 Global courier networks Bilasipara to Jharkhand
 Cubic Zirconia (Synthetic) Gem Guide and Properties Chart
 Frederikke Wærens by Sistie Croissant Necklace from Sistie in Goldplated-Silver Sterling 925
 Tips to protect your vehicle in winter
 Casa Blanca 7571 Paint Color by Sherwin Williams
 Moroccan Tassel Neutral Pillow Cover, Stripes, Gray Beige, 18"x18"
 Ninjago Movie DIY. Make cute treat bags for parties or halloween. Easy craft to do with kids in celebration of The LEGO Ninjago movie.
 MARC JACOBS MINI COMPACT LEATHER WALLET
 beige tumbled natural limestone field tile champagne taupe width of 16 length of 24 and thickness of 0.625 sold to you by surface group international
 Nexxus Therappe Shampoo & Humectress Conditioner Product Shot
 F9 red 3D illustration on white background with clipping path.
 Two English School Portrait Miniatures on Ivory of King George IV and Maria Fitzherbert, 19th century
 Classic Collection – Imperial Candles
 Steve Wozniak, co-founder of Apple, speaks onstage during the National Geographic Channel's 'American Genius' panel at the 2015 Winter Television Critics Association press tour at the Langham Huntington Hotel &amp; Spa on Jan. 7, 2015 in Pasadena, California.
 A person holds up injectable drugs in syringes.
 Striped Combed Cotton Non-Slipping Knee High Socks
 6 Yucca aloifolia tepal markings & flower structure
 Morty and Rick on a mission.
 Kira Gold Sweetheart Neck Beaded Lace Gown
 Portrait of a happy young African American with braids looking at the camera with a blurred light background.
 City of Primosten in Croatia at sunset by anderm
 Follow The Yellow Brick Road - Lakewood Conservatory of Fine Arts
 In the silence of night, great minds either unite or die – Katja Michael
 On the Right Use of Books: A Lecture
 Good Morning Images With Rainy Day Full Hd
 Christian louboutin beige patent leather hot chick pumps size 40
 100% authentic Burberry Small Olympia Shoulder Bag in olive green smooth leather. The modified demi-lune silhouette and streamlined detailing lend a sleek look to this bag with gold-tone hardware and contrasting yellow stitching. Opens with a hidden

◆ **Exercise**
Copy out only the lines of the records above from the one with "Steve Wozniak, co-founder" through the one with "Kira Gold Sweetheart Neck Beaded Lace Gown", exactly as they stand, both included.

◆ **Result of this task**
 Steve Wozniak, co-founder of Apple, speaks onstage during the National Geographic Channel's 'American Genius' panel at the 2015 Winter Television Critics Association press tour at the Langham Huntington Hotel &amp; Spa on Jan. 7, 2015 in Pasadena, California.
 A person holds up injectable drugs in syringes.
 Striped Combed Cotton Non-Slipping Knee High Socks
 6 Yucca aloifolia tepal markings & flower structure
 Morty and Rick on a mission.
 Kira Gold Sweetheart Neck Beaded Lace Gown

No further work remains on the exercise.